There is a natural functor from Ring to the category of groups, $\mathrm{Grp}$, which sends each ring $R$ to its group of units $U(R)$ and each ring homomorphism to the restriction to $U(R)$.

I have never heard of a "natural functor" before and havent found about it online. Is this simply a natural transformation in the category of categories? (Where functors are morphisms)
If so, how do we formalize the notion that the abovementioned functor is natural?
 A: A "Natural" functor is typically a functor that arises from a natural mathematical situation,
ie. $U:\textbf{Ring} \rightarrow \textbf{Grp}$ described as earlier, $F:\textbf{Ring}\rightarrow \textbf{Ab}$ sends a ring to its underlying abelian group, and morphisms to abelian group homomorphisms.
Various constructions can be described in terms of functors, which was the motivation for Category Theory to begin with.

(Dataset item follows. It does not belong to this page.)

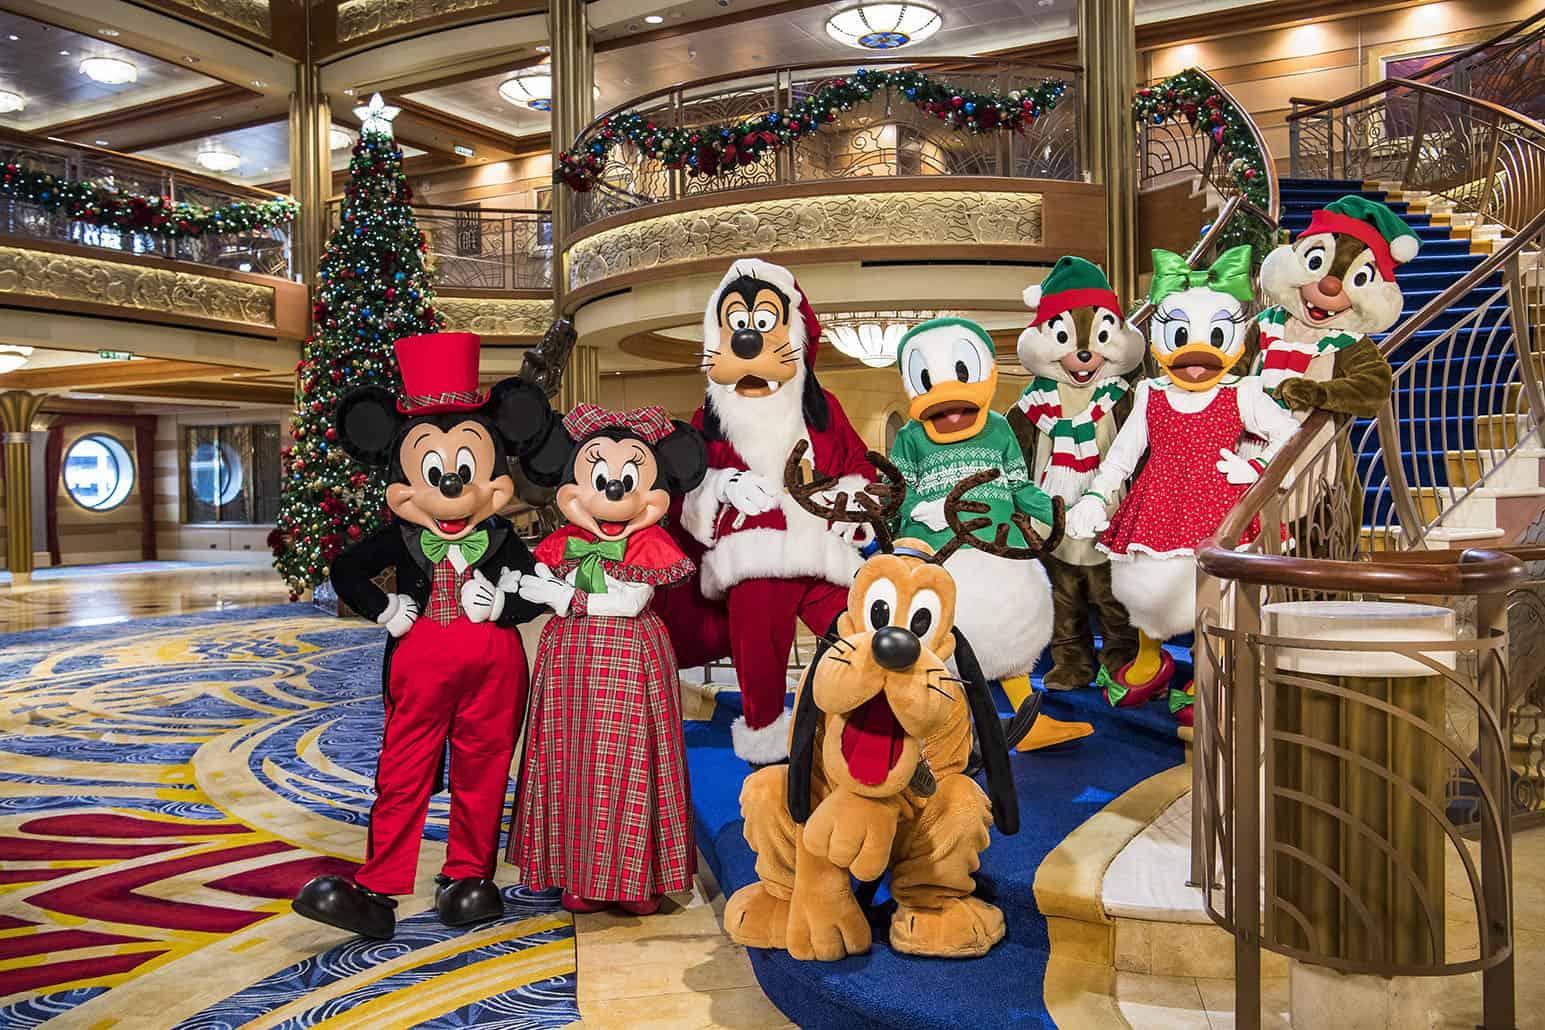 2020 Christmas Cruise MiceChat   Disney Cruise Line, News   Disney Cruise Line Awaits

A: I'm writing this as an answer because it is too large to be a comment. In your specific example there might be various notions of "naturality" under consideration.
First of all, you might consider the category of group objects in the monoidal category $(Set,\times)$, which is simply the category of groups $Grp$. There's a "natural" functor from the category of $(Set,\times)$-group objects to $Set$ which simply forgets the group object structure. This notion of naturality works in many other examples, such as monoid objects in a monoidal category, Lie algebra objects in a symmetric monoidal category, etc. Repeating this process in $Grp$ we obtain the category of $(Grp,\times)$-group objects, which is simply $Ab$, the category of abelian groups. Again there is a "natural" (in the sense mentioned before) functor $Ab \to Grp$. That yields us a "natural" composition $Ab \to Set$. Read more about group objects here.
Now, we can consider the categories of monoid objects in the monoidal categories $(Ab,\otimes)$ and $(Set,\times)$. That gives us respectively the categories of rings and ordinary monoids. The functor $Ab \to Set$ mentioned previously induces "naturally" a functor $Ring \to Mon$. Read more about that here.
Finally, there's the functor $Mon \to Grp$ which sends each monoid to its group of "units" and each monoid homomorphism to its restriction, but I'm unable to find any references on this kind of construction.